Thanks for the encouragement, I really do hope I'll get him used to it in the end as he's so good to handle normally (just very ticklish!).  I've got the Moser Avalon which are nice and quiet battery ones and after a month's progressive work he's fine with me whilst he's loose in his box, switched on I can rub him all over and he doesn't mind - even his head.  But as soon as they start to cut, that's when he gets all fidgety and upset.

I'll carry on with the acclimatising, will try sedalin/ACP and probably a twitch, but if all else fails it'll be back to the vet sedation for next year.  I think I can make it through this winter without another clip as I'm not doing heavy work with him, just regular light work.


----------



## Vicki1986 (13 December 2007)

i'd sedalin him personally. 

you can't leave a twitch on for more than 5 mintues really so even if your just doing a bib clip it will be a palava.
if you leave it on for too long his nose will go blue/purple and the skin with blister, ouch.

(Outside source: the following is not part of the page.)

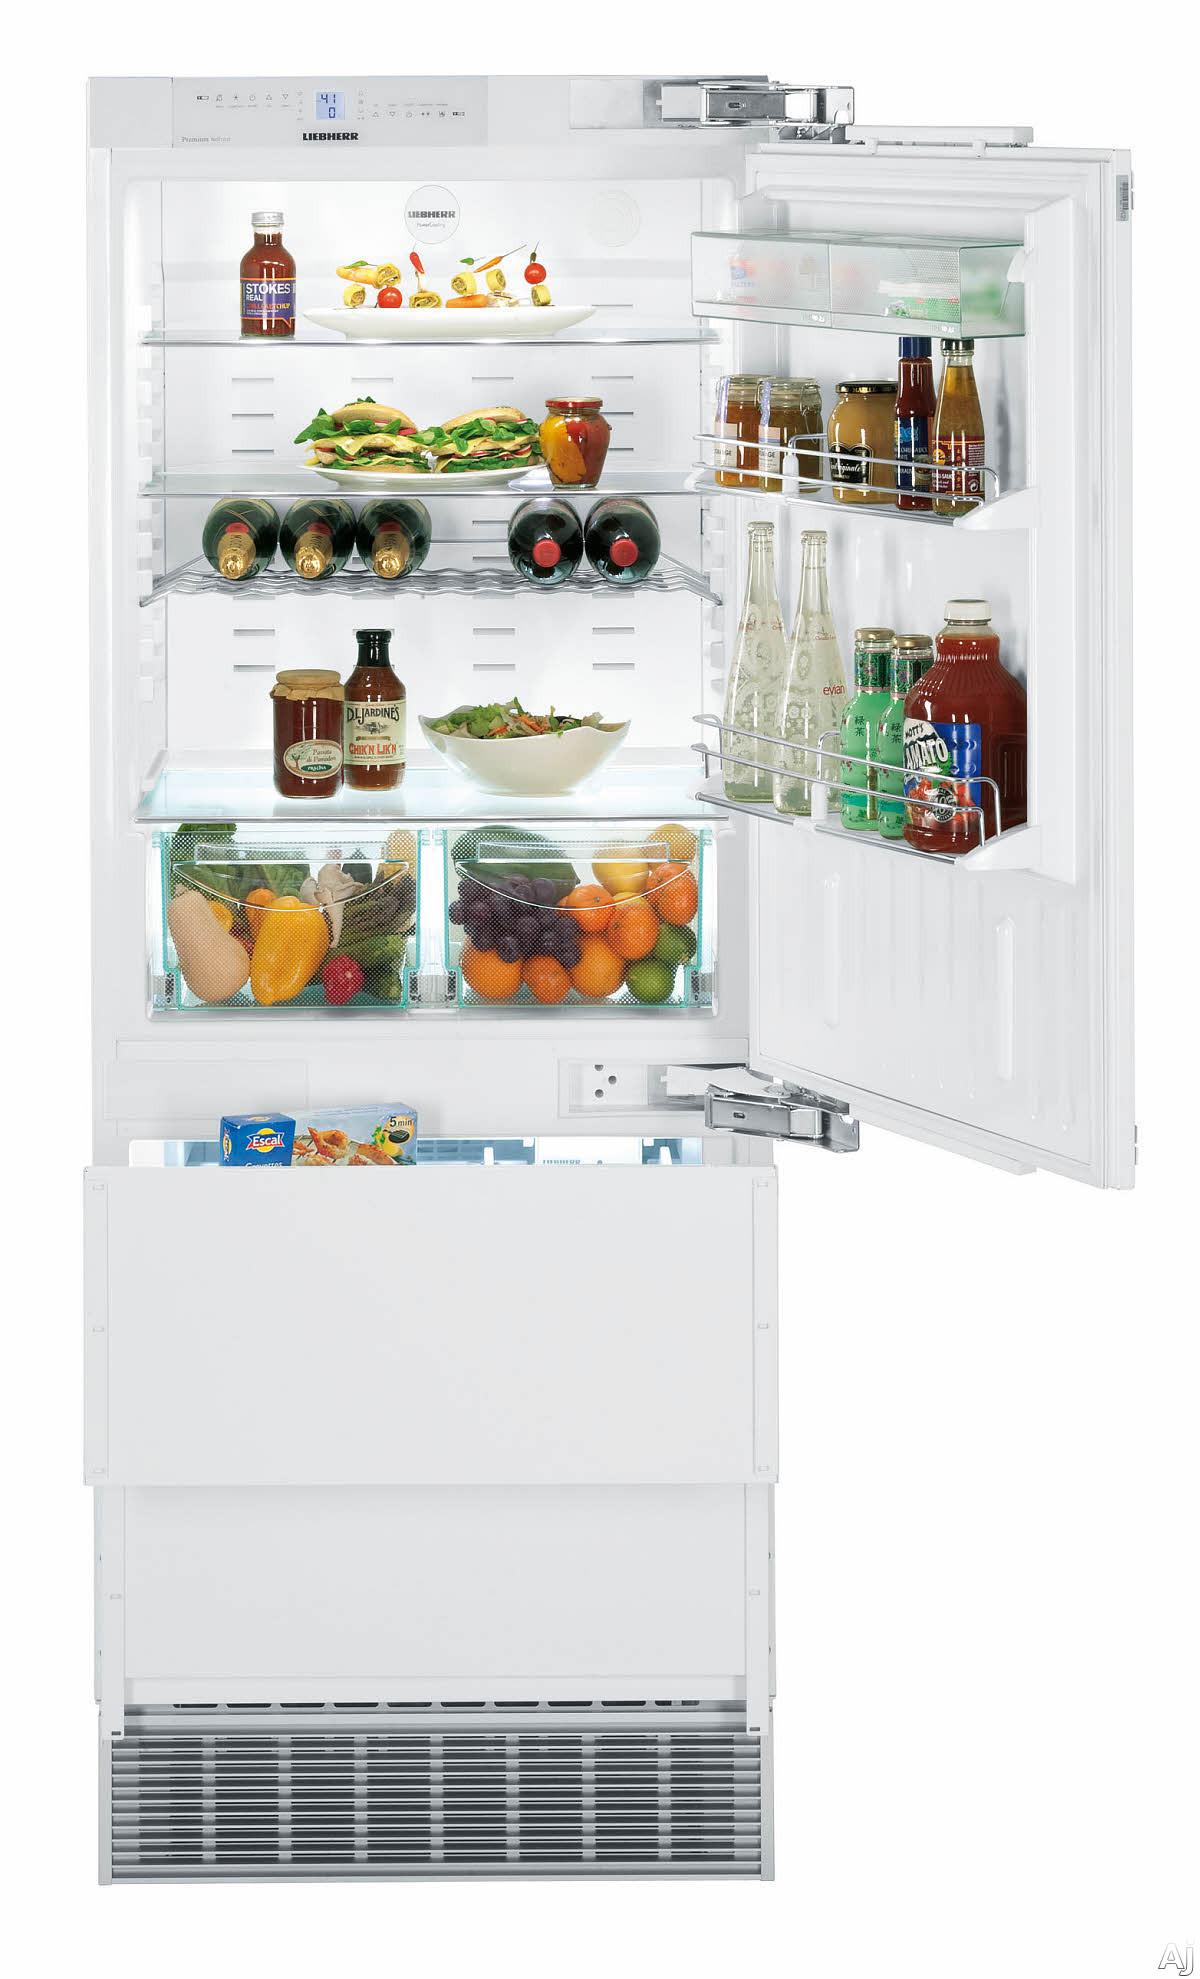 Liebherr HC1550 30 Inch Built-in Panel Ready Refrigerator with 2 Bottom Freezer Drawers, 2 Adjustable GlassLine Shelves, Wine Rack, Adjustable Door Bins, 2 Produce Drawers, Ice Maker, LED Lighting and ENERGY STAR Rated HC1550

i twitch my mare just to do her ears as she's not keen on that. makes it much less traumatic and i generally find after a few minutes having it on i can take it off and the 'effect' still lasts for a while mildly.

i use the old fashioned type, works better, if you twist it back on itself you can hook it through the headcollar's throat latch part if you have the type with a trigger clip at the throat.

the new human ones are naff - either that or im not doing it right. they just fall off whether someones holding them or not.


----------